Выключить моё видео - страница 6



Вроде и не болтает. Мы с ней пробный ЕГЭ писали, у меня семьдесят пять, хотя в целом не очень. Потому разве болтает? Не помню, что у Алёнки там вышло. Шестьдесят пять или больше, хотя Алёнка не любительница за учебниками сидеть. Как вышло? Просто София старалась, говорила – чтобы мы в одиннадцатом не дураками оказались. По алгебре не то – там окажемся в любом случае, но алгебра мне не нужна при поступлении. Так что лишь бы написать. Тамара Алексеевна, кажется, так до конца и не привыкла – вспоминает всё время, как круто без ЕГЭ было. Господи, какая же она старая.

– Да ну ладно, почему вдвоём. Он ей нарочно на нервы действует, выпендривается. Она не виновата.

– Конечно. Она ещё сопливая, ей самой учиться надо.

– В тридцать-то лет? Да ты гонишь.

– Слушай, может, ей и не тридцать. Может, двадцать три. Не знаю.

Помолчали.

– Так ты не сказала – вы что, расстались c Севой?

– Как расстались… Мы и не встречались, а просто… – слышу шум, будто она в ванную вошла и воду включила.

– Эй, ты чего, в душе? А подключаться? Янина мама опять начнёт, что мы нихрена не делаем, что школа всё устроила, а мы забили… Что в следующем году ничего…
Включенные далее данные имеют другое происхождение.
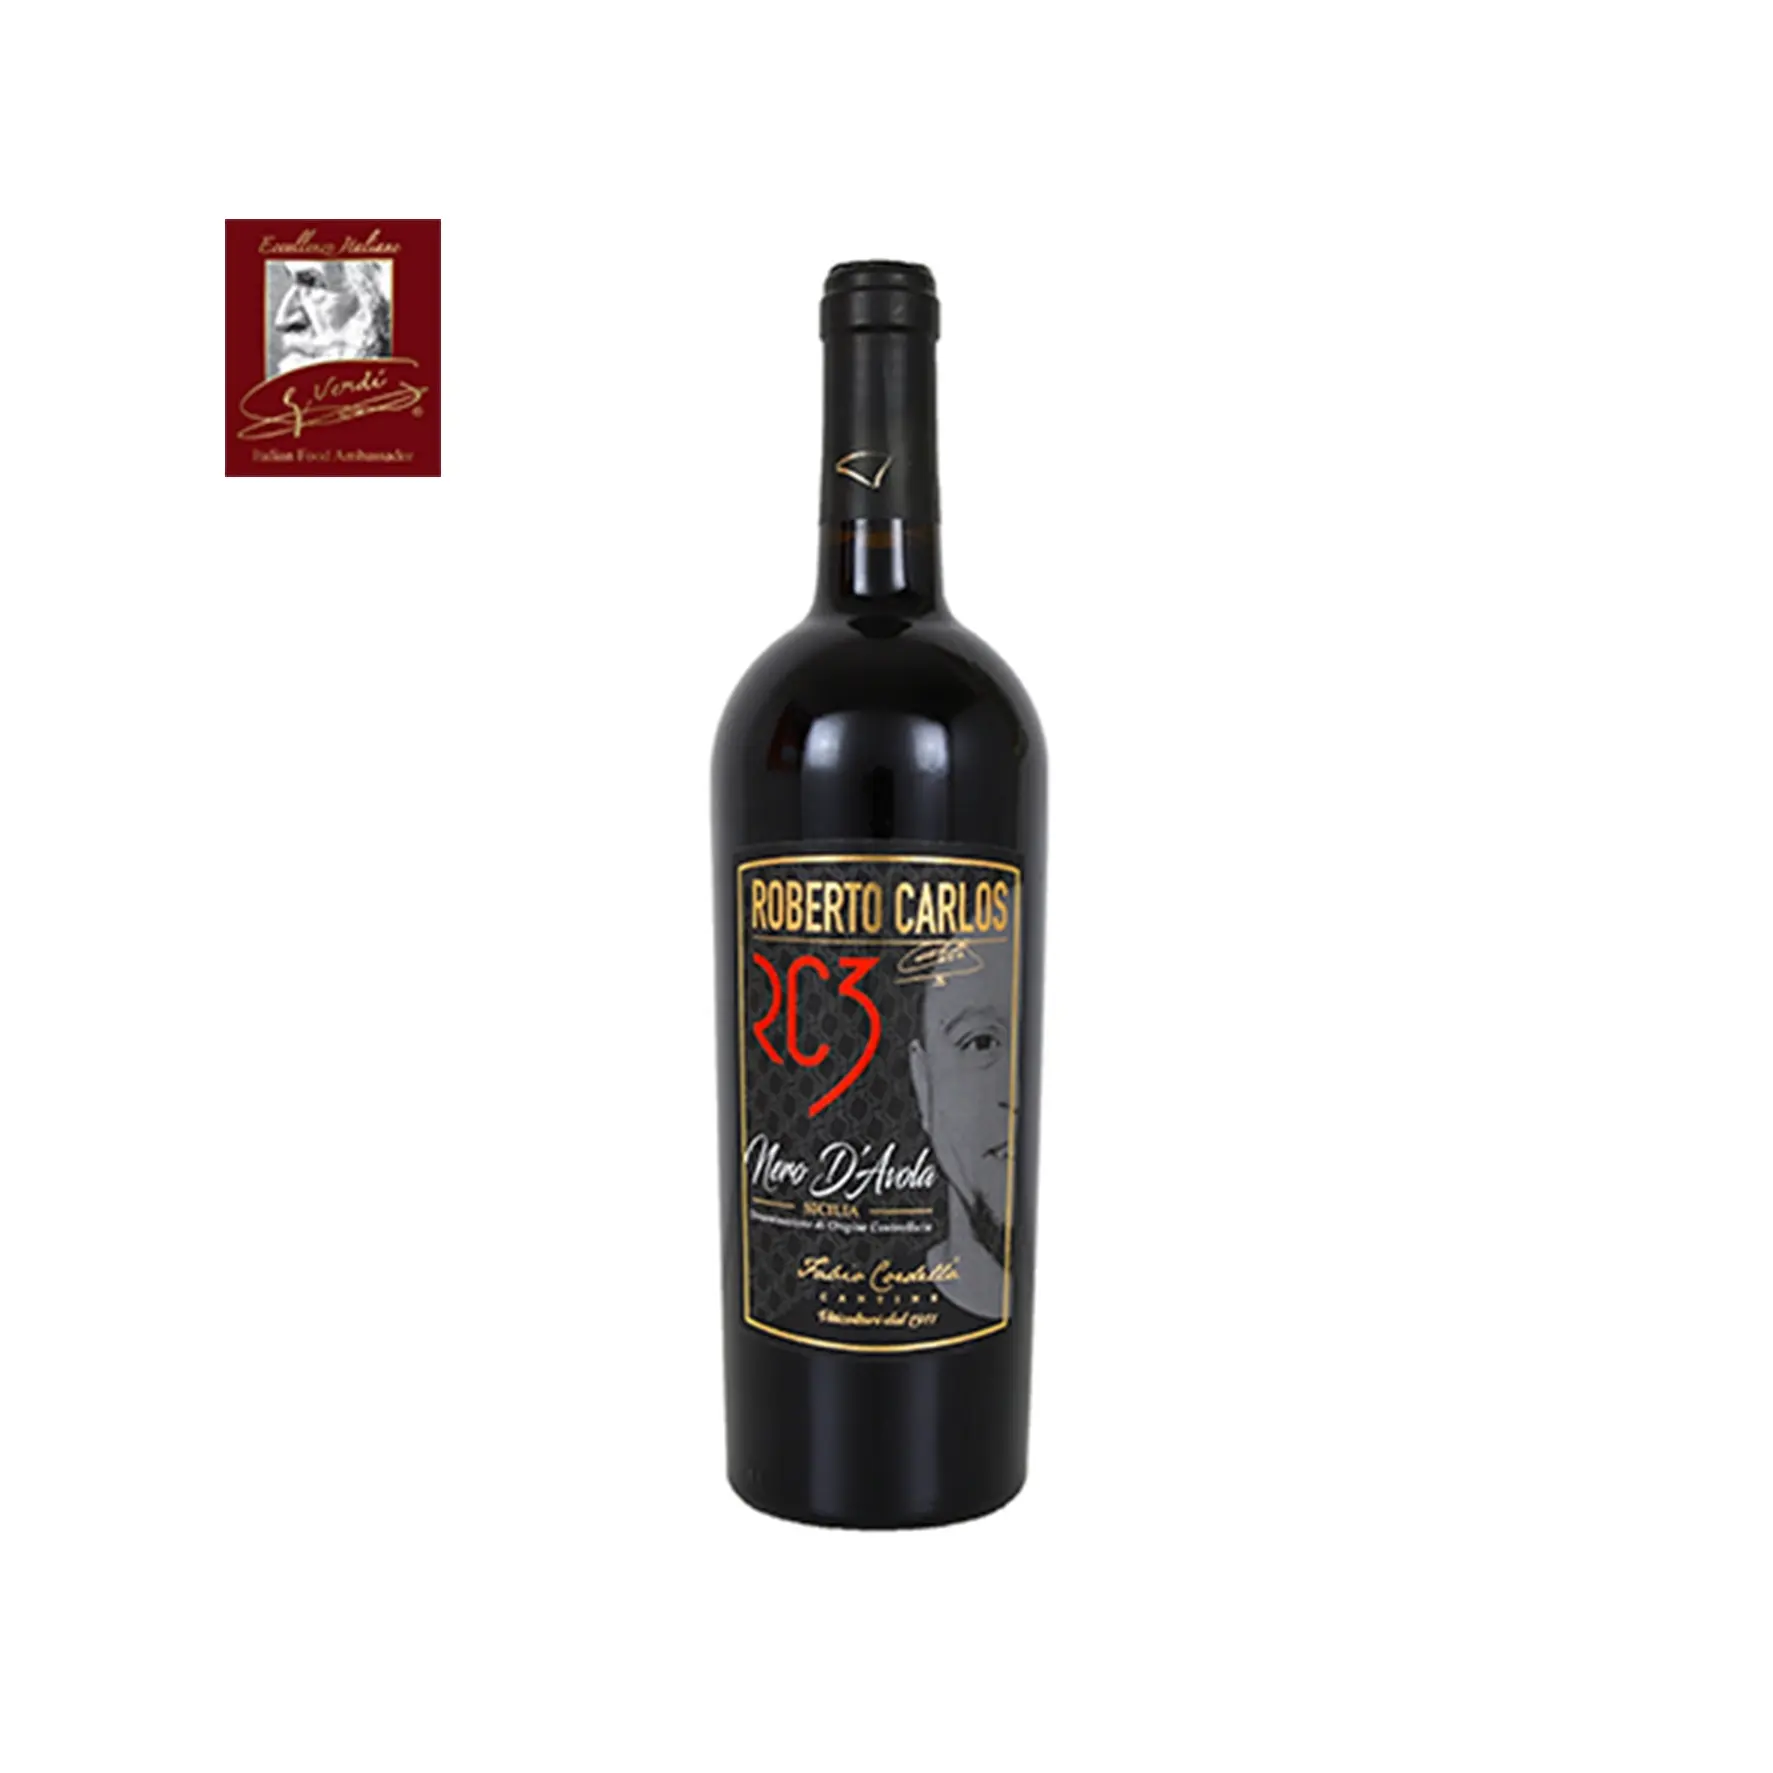 Roberto Carlos RC3 Italienischer Rotwein NERO D'AVOLA DOC 0,750 Liter Flaschen Der Wein von Champions GVERDI Selection Made Italy Wein

– Хватит. Ты что, училка? – Обрывает грубовато; но не обидно: просто она такая. Многие даже не общаются с ней поэтому – вроде как из деревни приехала, говорит странно. Но мне ничего. – Мы не расстались, но я к нему не поехала. Да и денег на такси нет.

– А Сева что?

– А Сева сказал, что любовь ничего не боится. Где только откопал, что за фигня такая? Чего любви бояться? Это нам надо. И отчима, папани хренова – прикинь, он вообще в школу мог прийти, папой назваться, а сам на задницу мою смотрит вечерами, сечёшь? – и вообще. Хотя бы год скорее закончился, достало всё. Этот микрофон включить не может, этот на дачу смылся, там у него роутер, видите ли, плохо работает. Хрен у него плохо работает. Да и голова не очень.

Алёнка идёт в душ, а мне некуда.

Мама, наверное, ещё не встала. Вчера ворочалась от бессонница, от телевизора, который они перестали выключать днём, потому что каждую минуту могут сказать что-то важное.

Но и утром могут сказать, но мама не услышит, потому что спит. И мы ходим на цыпочках мимо большой комнаты.

«Большая» – потому что родительская, а моя – «маленькая», хотя на самом деле не сильно меньше. Есть письменный стол, полки, старенькая бабушкина циновка с китайским драконом на стене. Они хотели выкинуть, не дала. Пусть живёт, дышит. У дракона язык был оранжевый, но выцвел в белёсо-желтоватый, потому что солнце падает на него от окна. Надо бы перевесить, наверное, но привыкла к нему именно здесь.

После всех уроков можно будет выйти на балкон смотреть, как разрослась за день крона большой берёзы. Кажется, что с каждым часом становится гуще, зеленее, ярче.

Чудный май, желанный май.

В песне поётся.

Не помню дальше.

Чудный май, желанный май,
Ты отраду сердцу дай…

Старая песня, а пристала – в шестом классе на музыке учили. Эту, а ещё военные – чтобы каждый год на День Победы петь. И пели, выходили под пыльный плюш занавеса актового зала, на отремонтированную сцену, под взгляды тех, кто не пел. Голосистых отобрали, остальных оставили глазеть, трепаться, пальцем у виска крутить.

В девятом стали, конечно, внимательнее слушать, перестали передразнивать и приниматься петь издевательски на любых переменах, поняли.

Вот только мы стали петь хуже, и никогда наш школьный ансамбль не брал призовых мест на городских конкурсах.